* _INFORMATION PROVIDED_

○ ○ ○

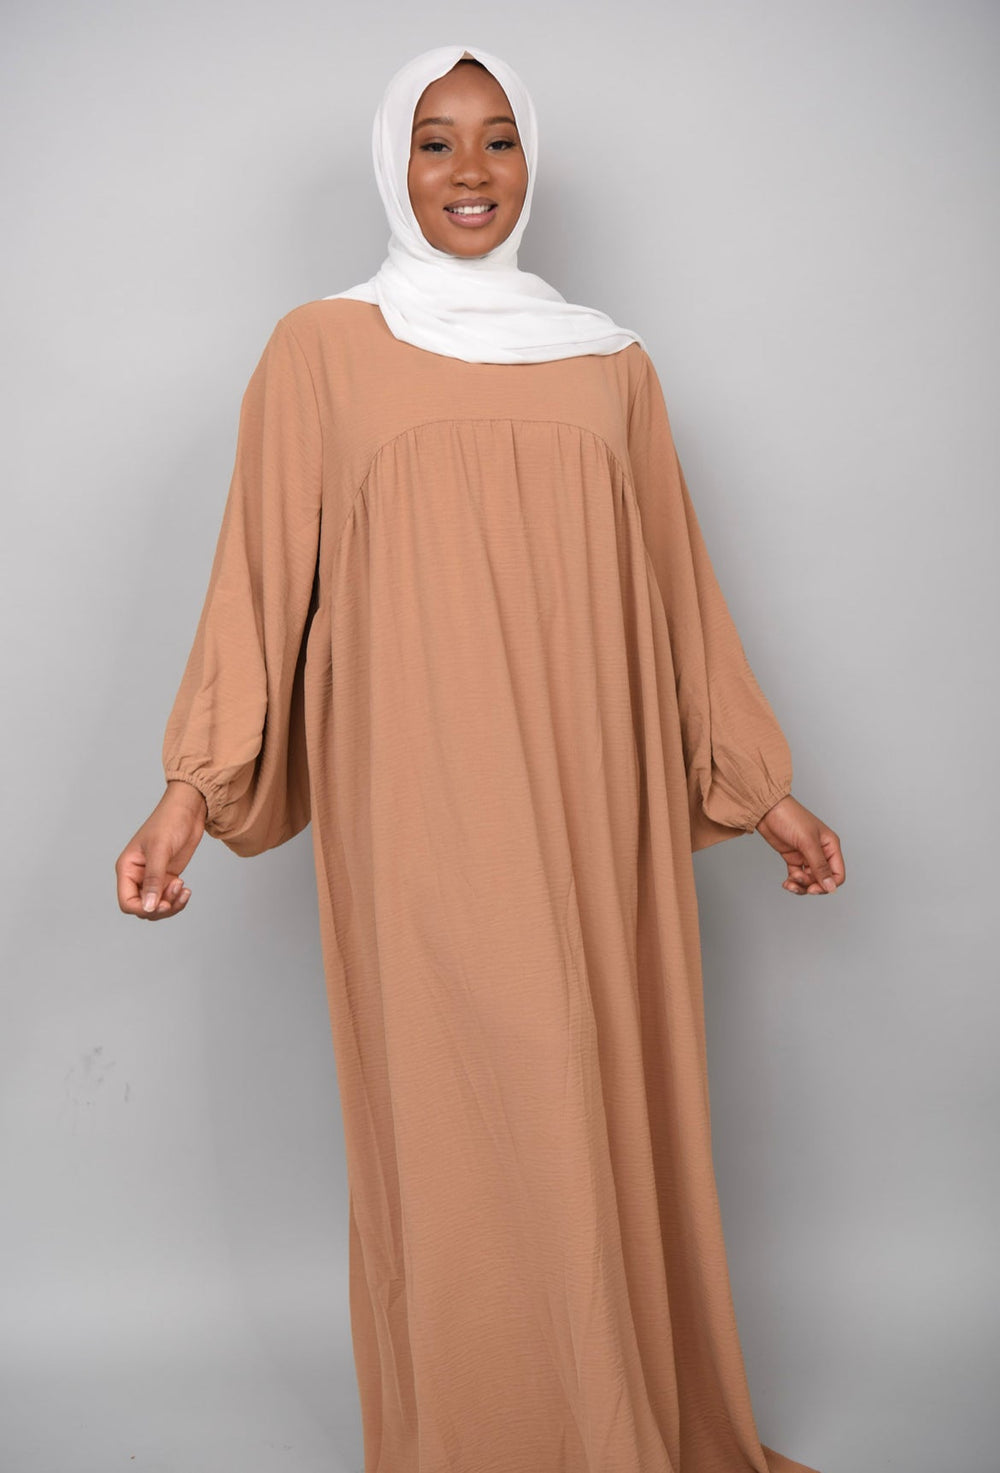 Get trendy with Amelia Textured Abaya - Camel -  available at Voilee NY. Grab yours for $54.90 today!
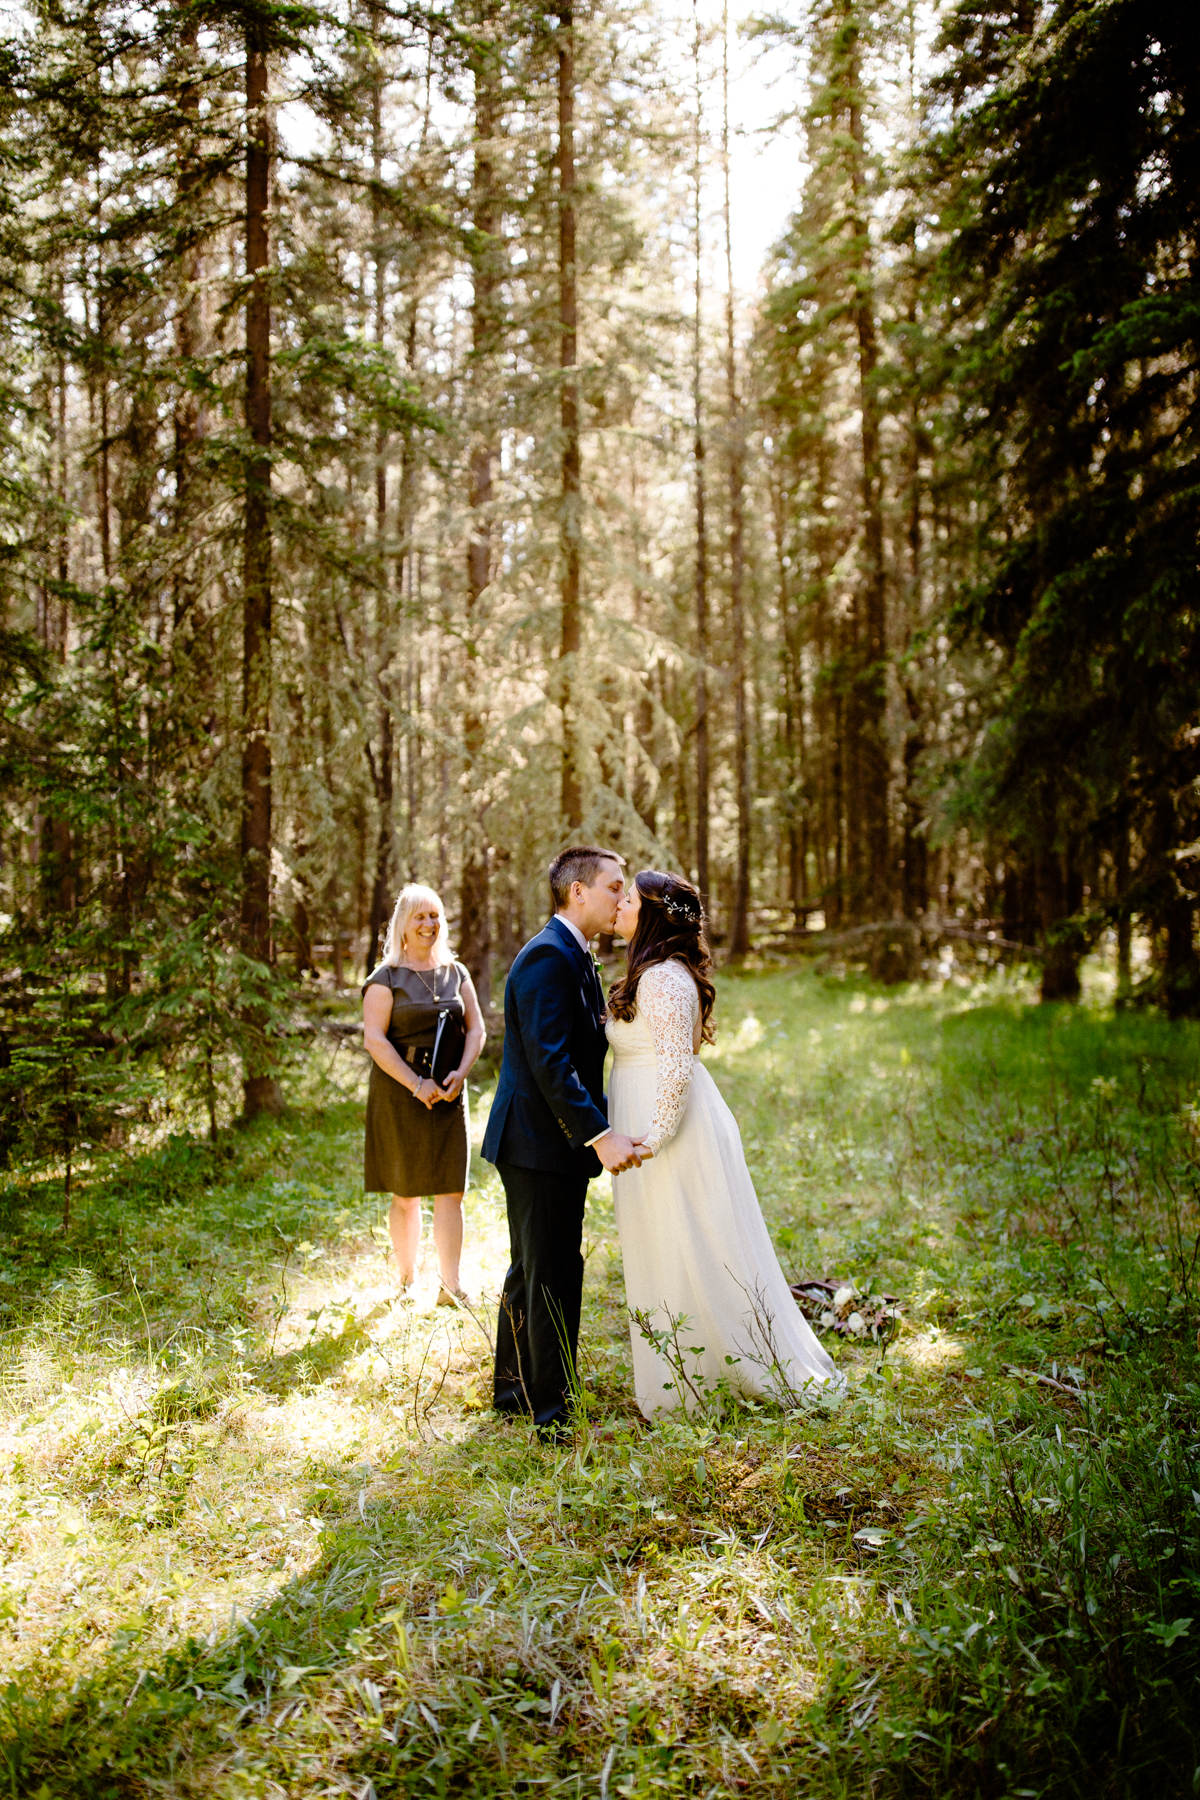 Vow Renewal Photography in Banff - Image 12
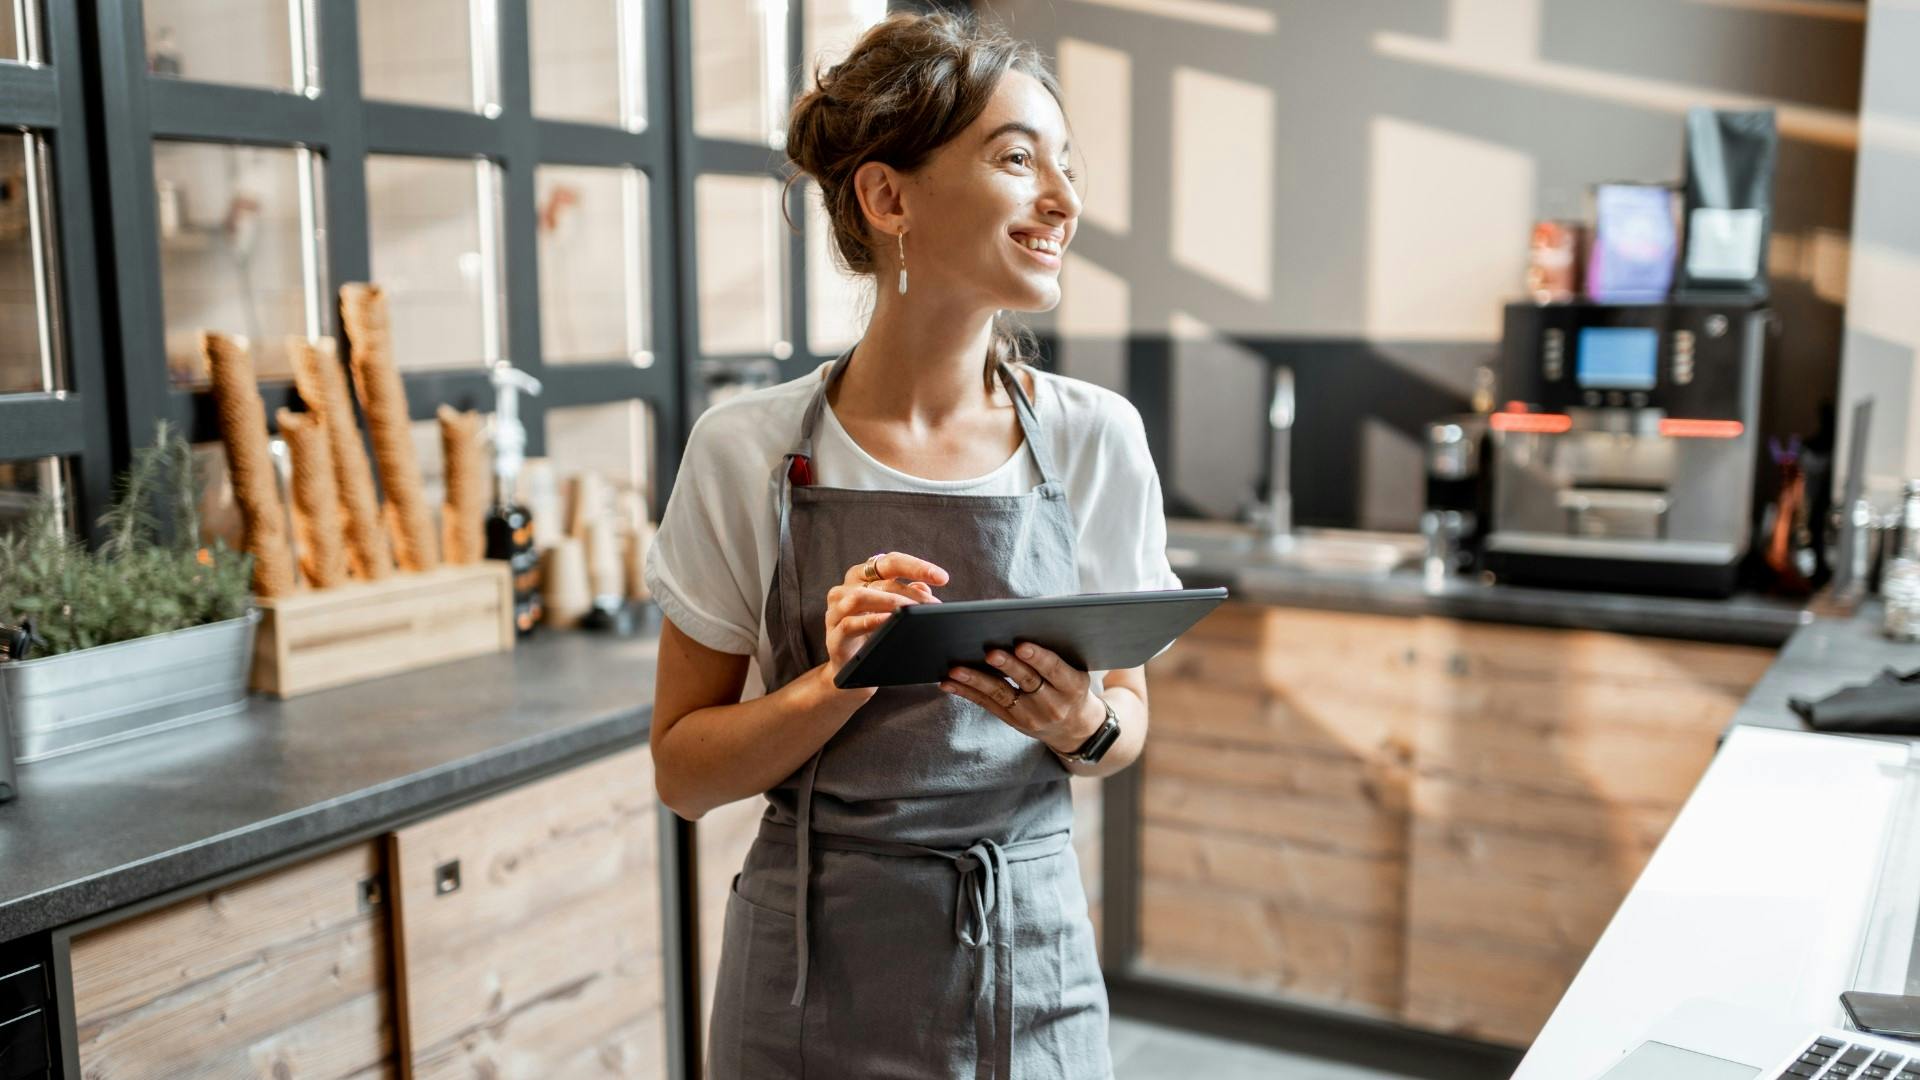 Smiling cashier holding a tablet, looking into the distance

○ ○ ○

* _WORK ORDER_
With the pictures excluded, retype exactly the lines from the one containing "Vow Renewal Photography in Banff - Image 12" through the last line of the listing, both ends included.

* _RESPONSE TO THIS EXERCISE_
 Vow Renewal Photography in Banff - Image 12
 Smiling cashier holding a tablet, looking into the distance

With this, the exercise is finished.